→ **WHAT THE EXERCISE ASKS**:
Starting with the line containing "Sport Towels - Vitalismo" and going on through the line containing "Lamborghini Aventador Svj", return the lines of the data below exactly, and only those.

→ **THE DATA**:
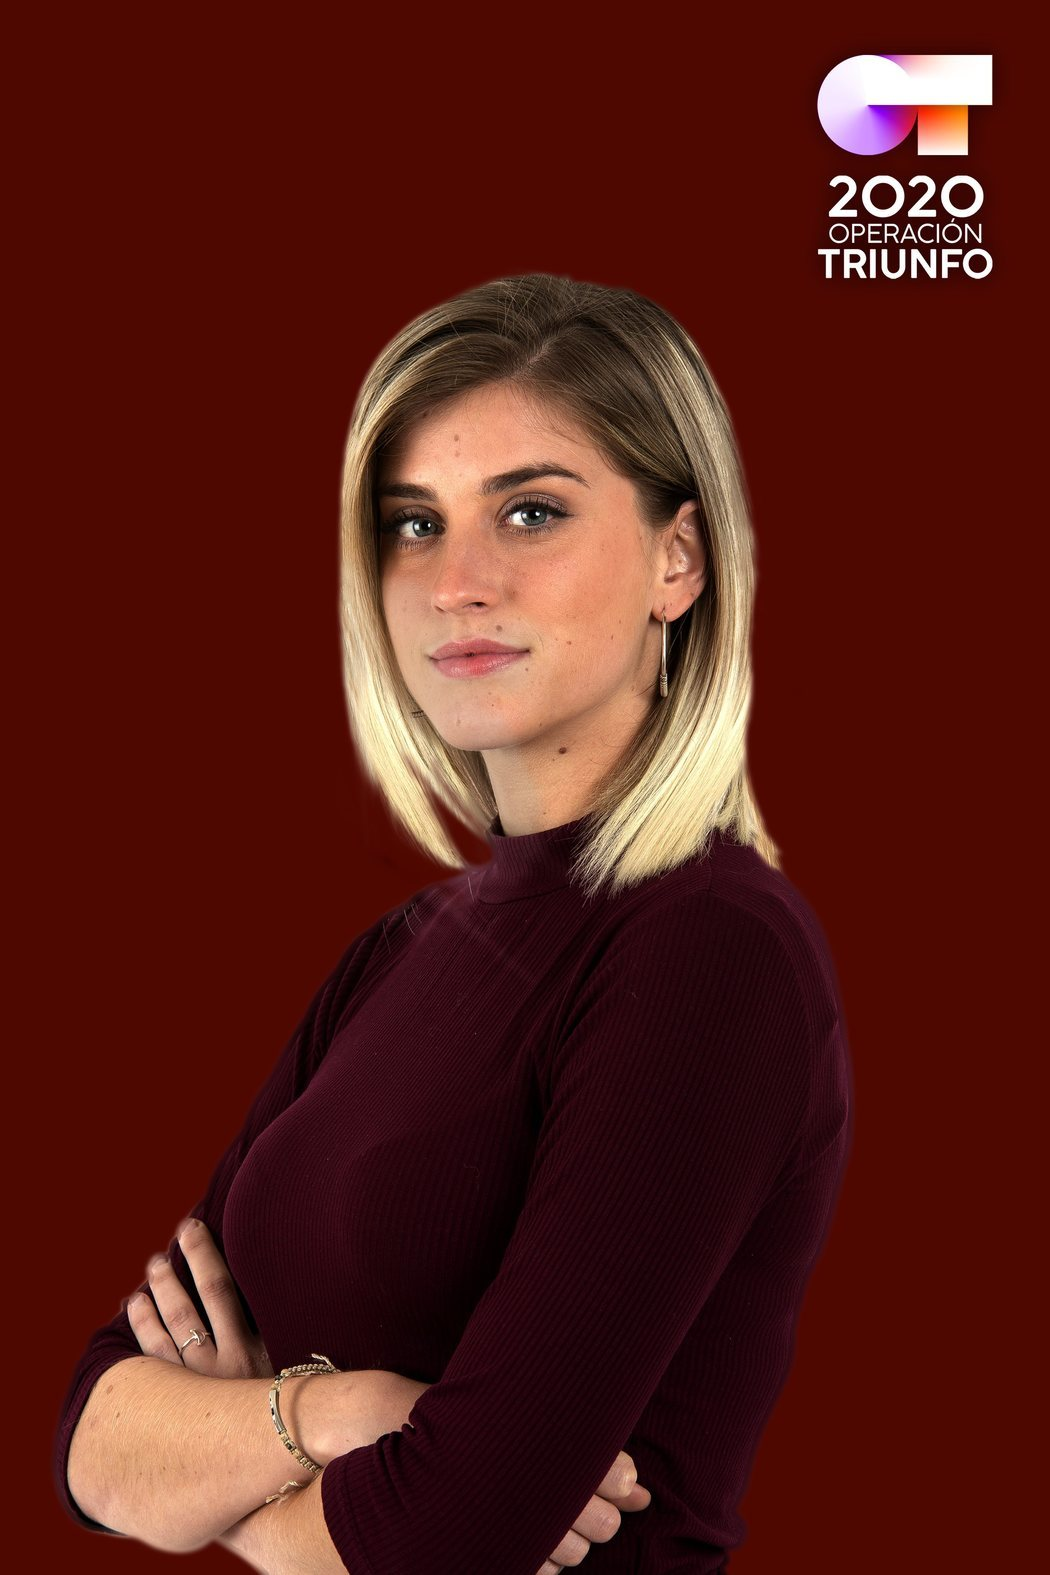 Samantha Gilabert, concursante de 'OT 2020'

==

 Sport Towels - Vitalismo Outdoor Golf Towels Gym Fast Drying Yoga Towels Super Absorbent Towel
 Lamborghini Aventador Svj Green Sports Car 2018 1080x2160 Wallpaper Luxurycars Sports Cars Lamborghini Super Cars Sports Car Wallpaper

==

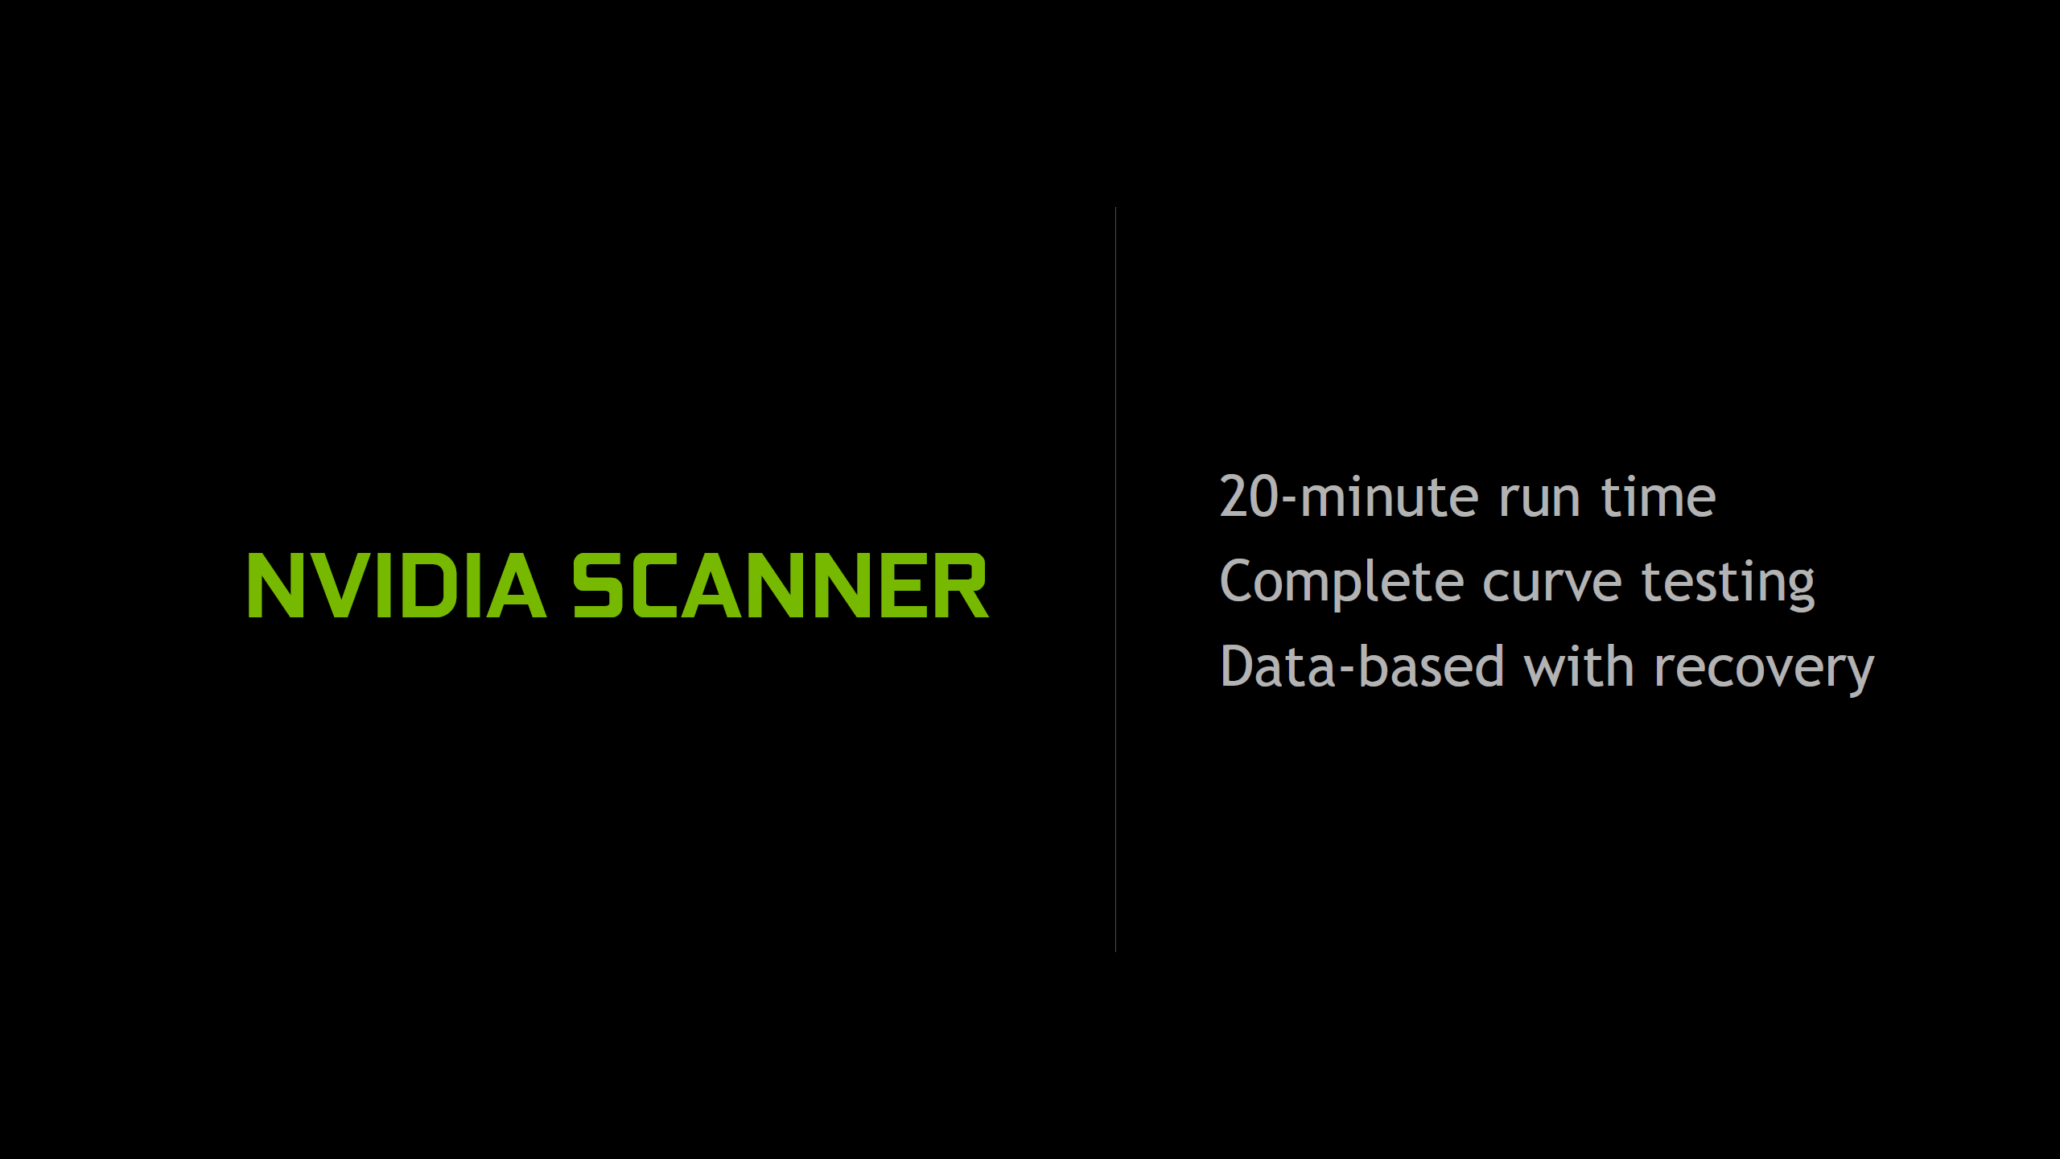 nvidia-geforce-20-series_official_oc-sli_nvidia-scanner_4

→ **RESPONSE TO THIS EXERCISE**:
 Sport Towels - Vitalismo Outdoor Golf Towels Gym Fast Drying Yoga Towels Super Absorbent Towel
 Lamborghini Aventador Svj Green Sports Car 2018 1080x2160 Wallpaper Luxurycars Sports Cars Lamborghini Super Cars Sports Car Wallpaper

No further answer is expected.